Fed’s Preferred Inflation Gauge Continues to Climb

April 28, 2023

Despite a yearlong effort to combat inflation, the Federal Reserve’s preferred inflation metric rose again in March.

The core personal consumption expenditures (PCE) index, which excludes food and energy, showed that prices were up 0.3% from the month prior, in line with economist expectations. On an annual basis, the core PCE increased 4.6%, slightly above expectations and down just 0.1% from February’s annual increase.

The topline PCE reading, which includes the more volatile food and energy components, was up just 0.1% from the previous month and up 4.2% on an annual basis, down substantially from 5.1% in February.
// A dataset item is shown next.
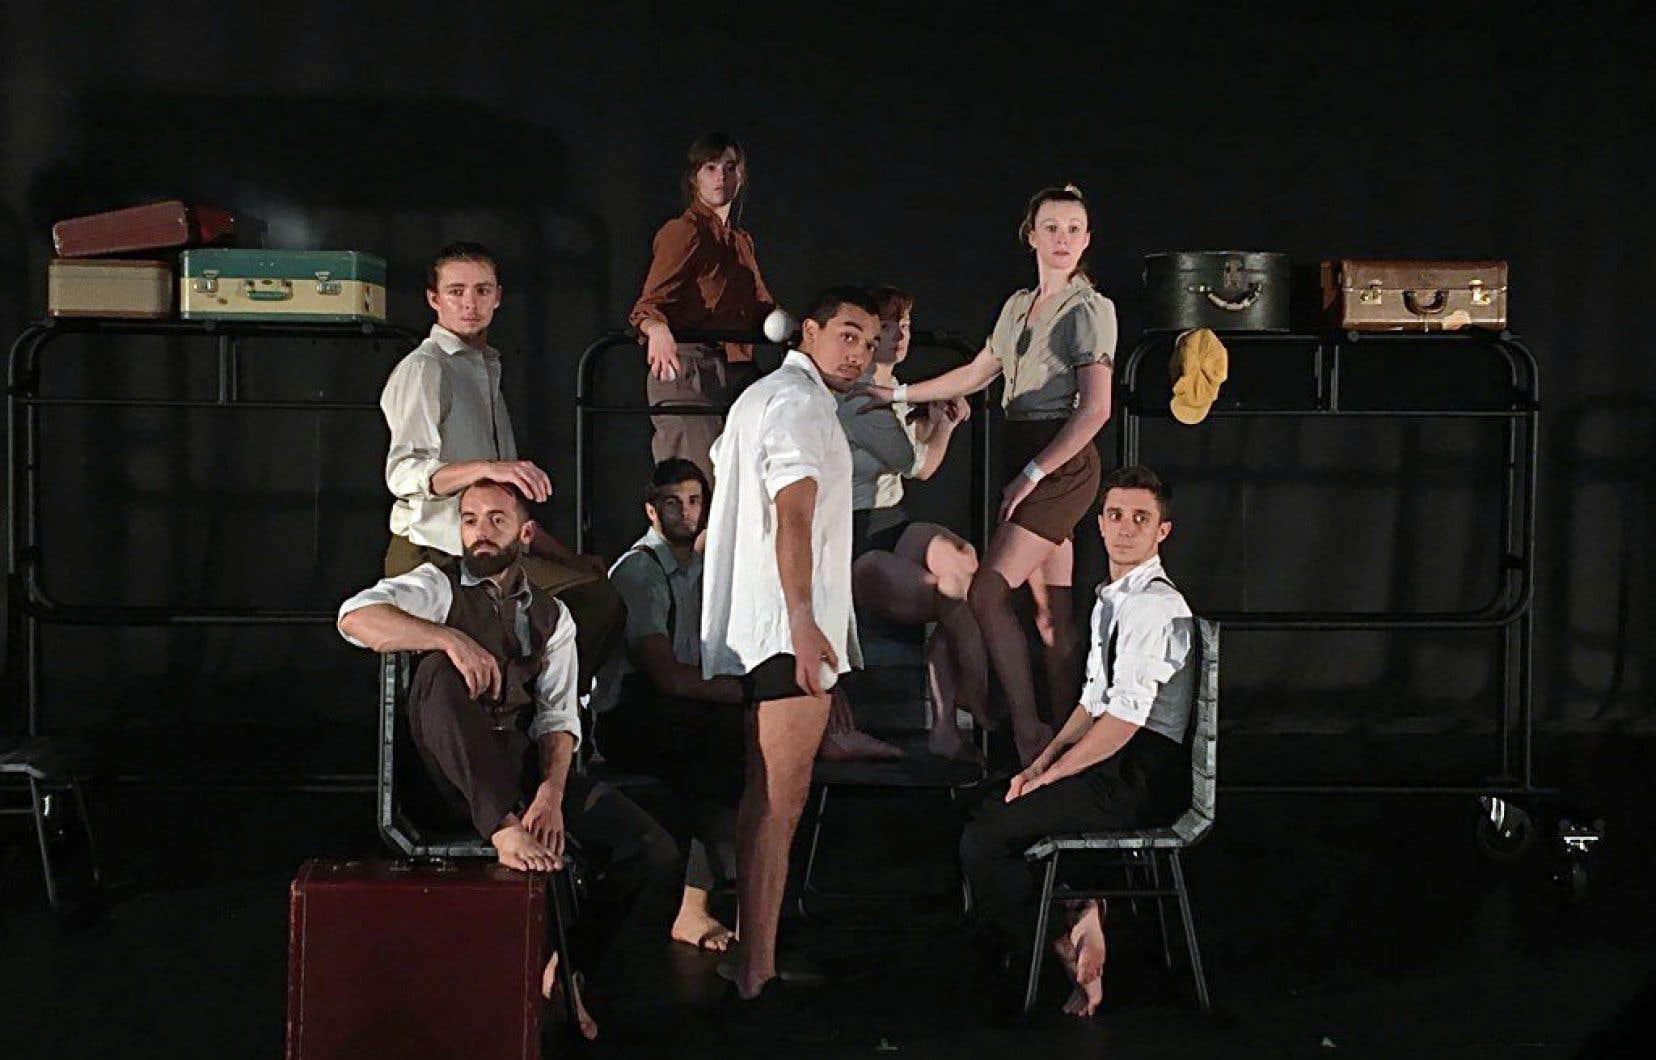 La nouvelle production de la compagnie de cirque Les 7 Doigts, intitulée «Passagers», prendra l'affiche cet automne à la Tohu.

The PCE hit its recent peak of 7% in June 2022, the highest level since 1981.

The topline reading was so much higher because of rapidly falling energy costs, which were down 3.7% for the month. Consumers also got some relief from lower food prices, which were down 0.2%, as were goods prices. Services, which have been one of the main contributors to inflation as of late, were up 0.2% for the month.

In another key inflation measure for the Fed, the employment cost index, was up 1.2% during the first quarter, higher than the 1% estimate from Dow Jones economists.

While the annual inflation rates are down from the peaks hit last year, they remain well above the Fed’s 2% inflation target, and the slow decline suggests that inflation is proving to be stickier than the Fed had expected.

Since March of last year, the Fed has raised its benchmark interest rate nine times, bringing it from essentially zero to 4.75% in a historically short period of time. The Fed is widely expected to hike rates by another quarter percentage point at its upcoming meeting in early May before pausing to assess the impact that tighter monetary policy is having on the economy.